Было тихо, так тихо, что слышна не только скатившаяся с крыши избушки льдинка, подтаявшая от трубы, но и реденько падающие капельки, звук которых действовал усыпляюще, и когда печка притухла и капельки смолкли, они, ни слова не сказав друг другу, легли каждый на свое место. Аким поворошил под собой лапник и почувствовал закисшую в нем сырость. «Надо сменить», – мимоходом подумал он и прислушался: Эля не спала. Растревожилась, видать, и еще раз выругался про себя: «Па-ад-ла-а! Фраер из университета!» – и хотел сказать Эле: ничего, мол, не убивайся, скоро я завалю тебя на салазки и оттартаю к людям, а там на вертолет, на самолет – и будьте здоровы! Привет Столице!..
– Мы, как говорится, случайно в жизни встретились, потому так рано разошлись…
– Что?
Аким вздрогнул и тут же съежился – по привычке таежного бродяги он заговорил вслух.
– Ты чего? – встревоженно привстала Эля.
– Ничего, спи! – Аким снова притаился на полу и не разрешил себе уснуть до тех пор, пока не услышал ровное, сонное дыхание Эли. Для него сделалось уже привычным ловить ее движение, взгляд, сторожить сон и покой.
Когда они встретились, сколько времени прошло с тех пор? Наверное, целая жизнь. Успел же он когда-то из маленького беспомощного ребенка выходить и вырастить взрослую, красивую девушку, такую ему родную, близкую, что и нет никого ему теперь ближе и дороже на земле.
Эля угадывала – Аким читает не все из дневников, неинтересное, по его разумению, пропускает, что-то ленится разбирать. Когда «пана» на весь день отправился в тайгу, она забралась на нары, поджала ноги, закуталась в одеяло и при бледном свете оснеженного окна не только заново прочла, но и разобрала комментарии, бисерными строчками петляющие по полям затасканных тетрадей, – их Аким и вовсе оставил без внимания.

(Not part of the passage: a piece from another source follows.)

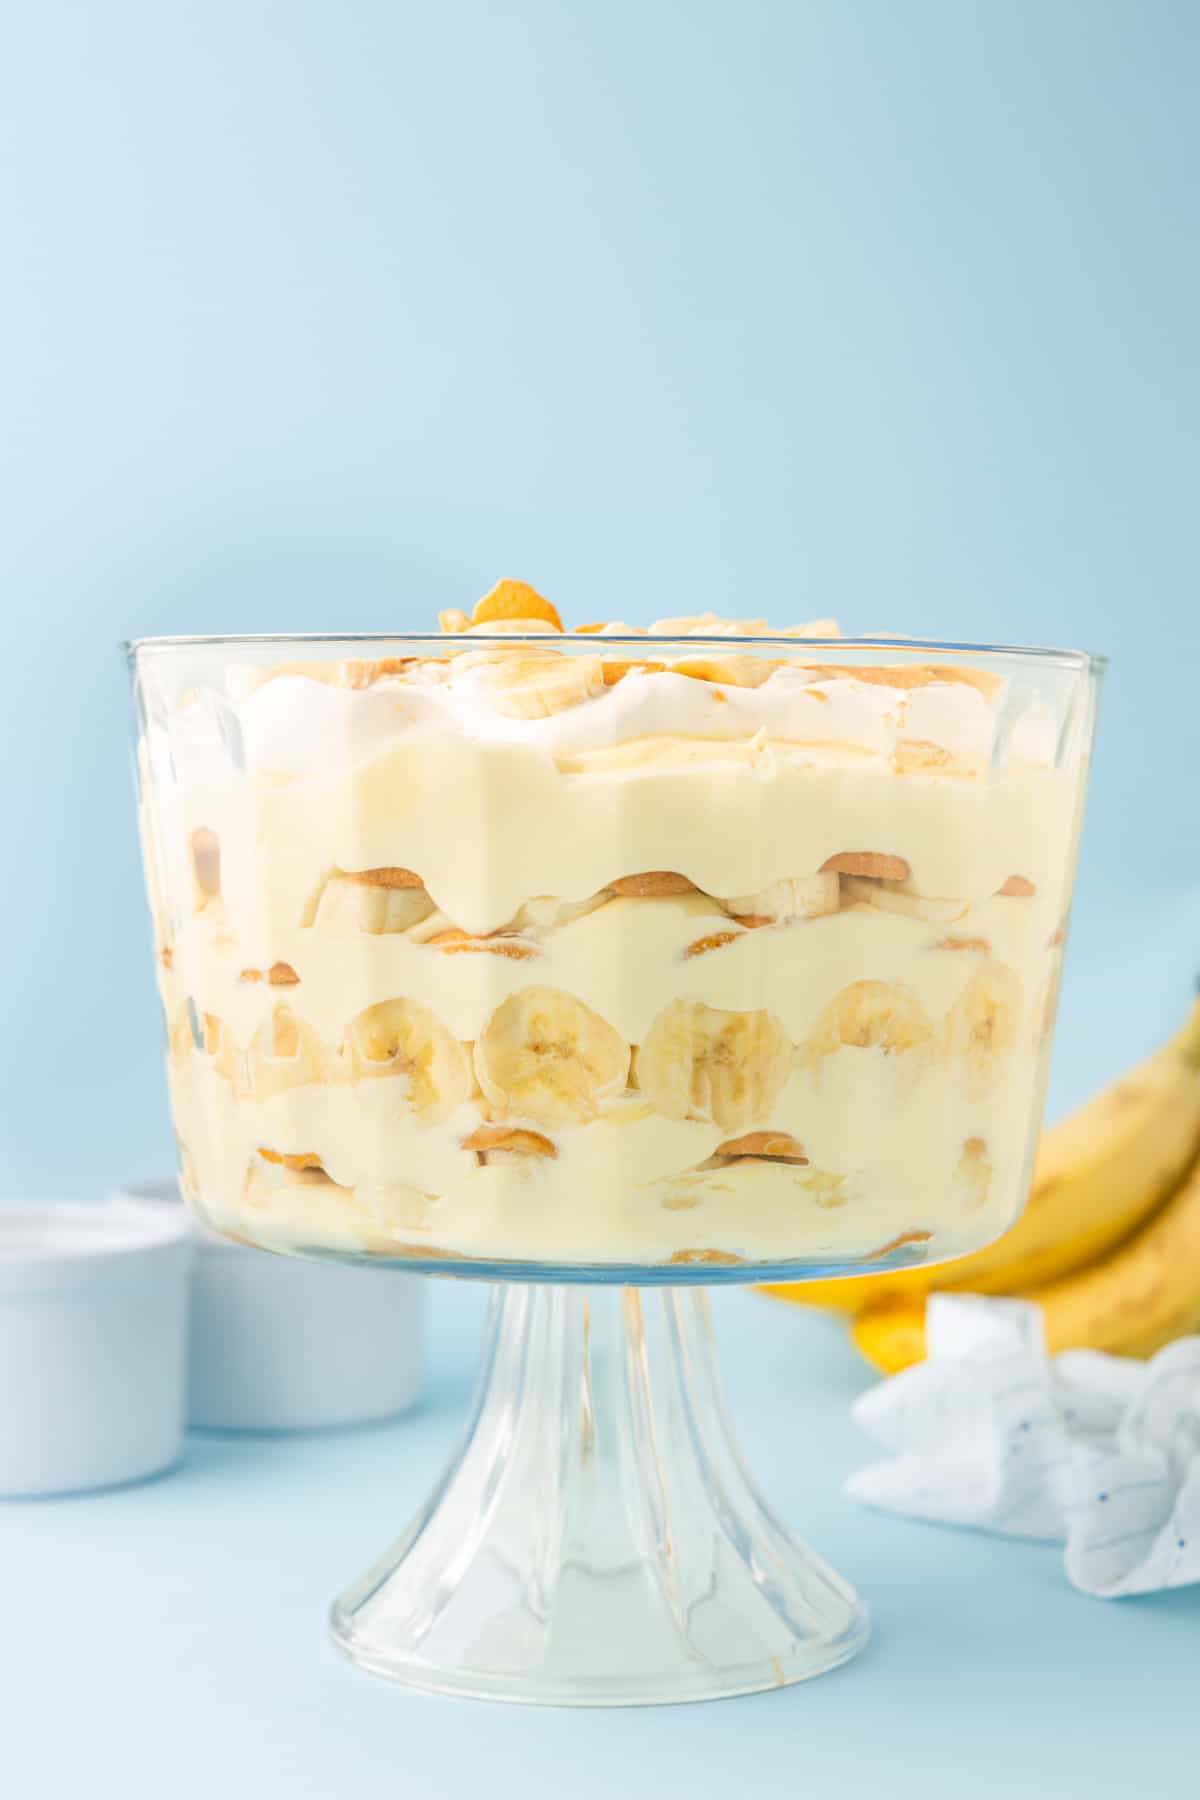 trifle dish with banana pudding layered inside of it against a blue background

Первый комментарии – мошечные буковки, накорябанные неисправной, плохо подающей мастику ручкой, кинуты были на тетрадные листы, проложенные сухой веткой багульника, под стихотворением такого содержания:
Повидавший на земле немного,
Он ни в ком не признает врага,
Он идет, идет своей дорогой,
И копыта крепнут на ногах.
Люди попадаются немые.
Им не жаль беспечного телка.
Сапоги тяжелые, чужие
Сдуру ударяют под бока…
Утонула мама у телка, сорвавшись по весне с подмытого обрыва, и все, кому не лень, пинают несмышленое животное. Но шло время:
И однажды из ворот открытых,
Выкатив недобрые глаза,
Выходил бугай, холеный, сытый,
Темно-синей масти, как гроза.
И вот оно, то, ради чего и трудился Герцев, переписывая длинное, нудноватое стихотворение:
Отходили недруги в сторонку,
К гордой силе ненависть тая,
Обижали слабого теленка,
Ну-ка, тронь попробуй бугая!
Эля не без иронии фыркнула и принялась разбирать комментарий: «Вас, мистер, никто не обижал, а все равно бугай получился, мычащий, породистый, рогатый…»
По круглому, мелконькому почерку Эля догадалась, кто это посмел перечить Герцеву и даже отчитывать его.
Еще страница, проложенная молочаем – почти все страницы в тетрадях проложены травками, цветами – память о походах? О встречах ли? Одна из разновидностей оригинальничаний, сентиментальности – этой неизлечимой болезни гордецов?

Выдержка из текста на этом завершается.